§ WHAT YOU HAVE TO DO:
Set down, exactly and only, everything from the line containing "Emoticon Tongue Hanging" down to the line containing "NEW PRODUCT: War" in the data below; the pictures are not part of the copy.

§ DATA RECORDS:

※

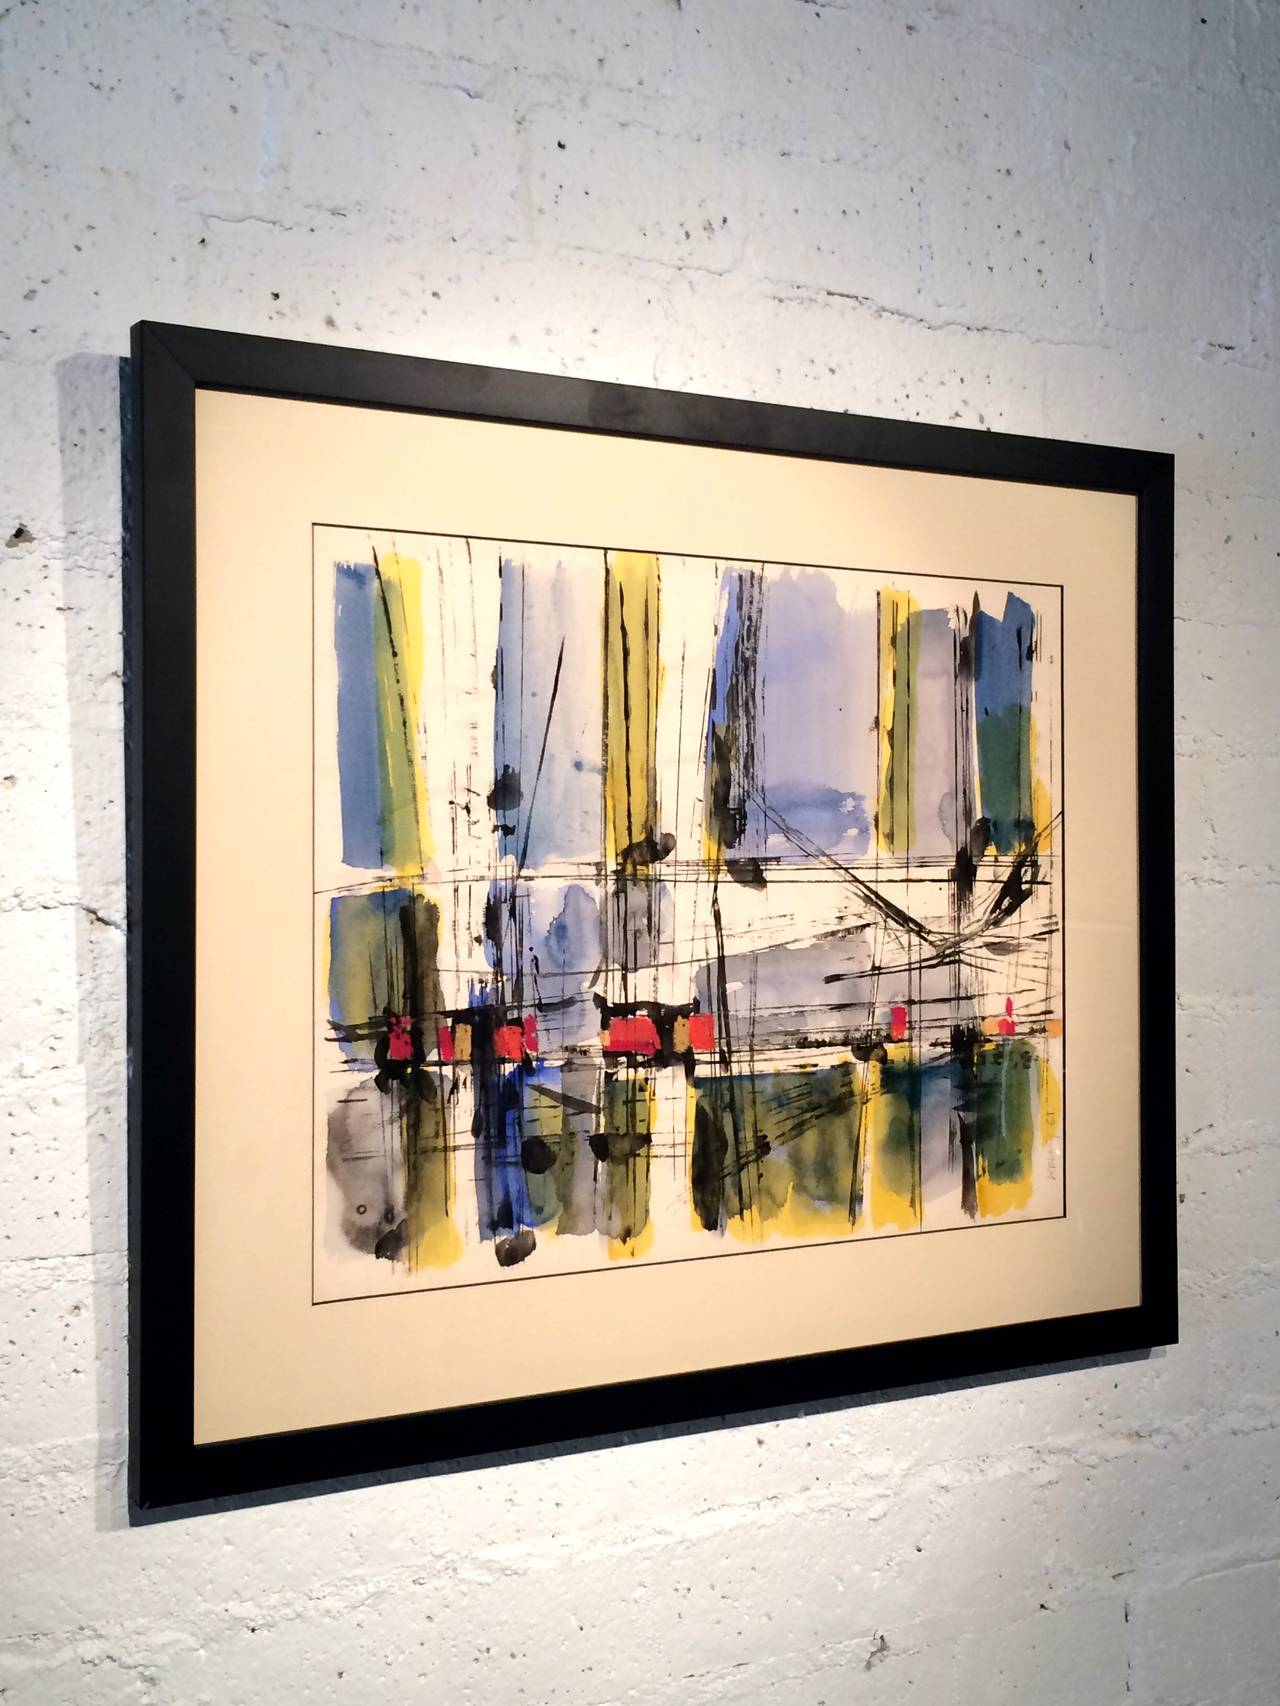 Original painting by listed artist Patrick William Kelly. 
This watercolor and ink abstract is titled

※

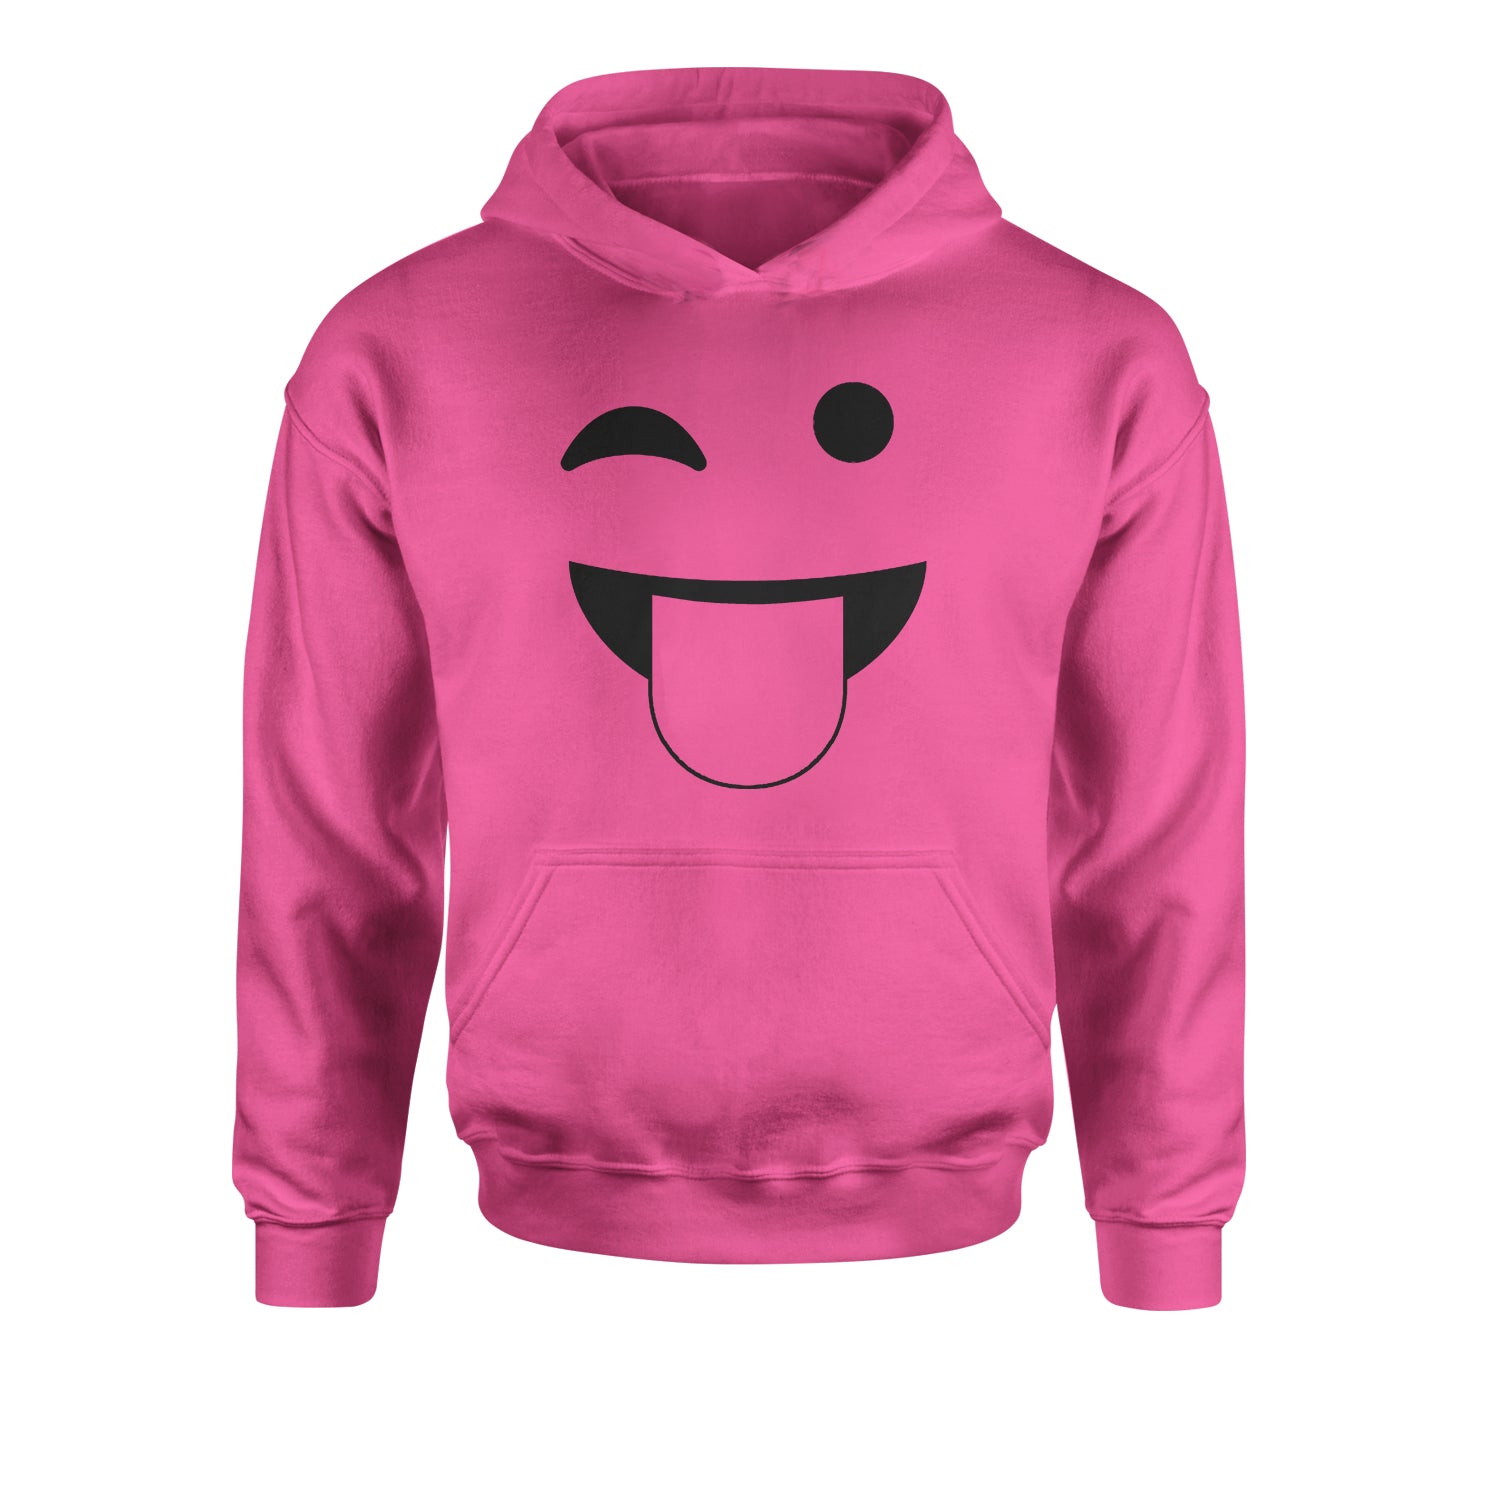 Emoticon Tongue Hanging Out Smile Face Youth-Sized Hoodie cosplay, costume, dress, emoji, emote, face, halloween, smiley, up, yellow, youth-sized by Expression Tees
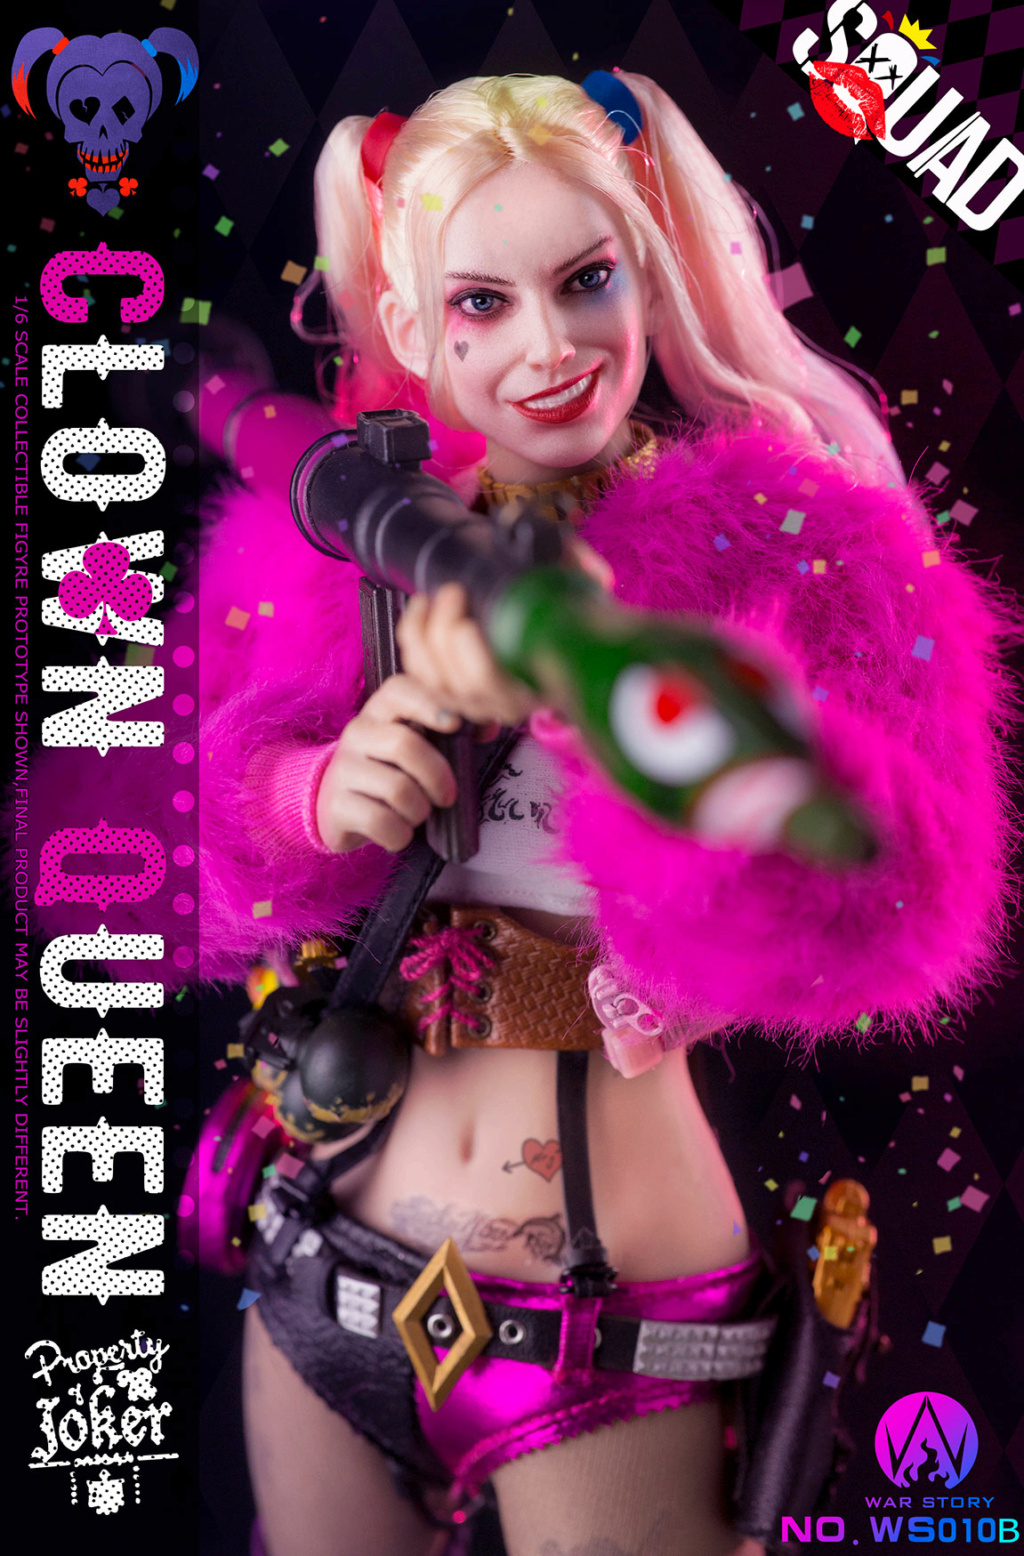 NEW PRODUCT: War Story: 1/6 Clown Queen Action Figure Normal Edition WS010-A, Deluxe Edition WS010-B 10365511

※

§ TASK RESULT:
 Emoticon Tongue Hanging Out Smile Face Youth-Sized Hoodie cosplay, costume, dress, emoji, emote, face, halloween, smiley, up, yellow, youth-sized by Expression Tees
 NEW PRODUCT: War Story: 1/6 Clown Queen Action Figure Normal Edition WS010-A, Deluxe Edition WS010-B 10365511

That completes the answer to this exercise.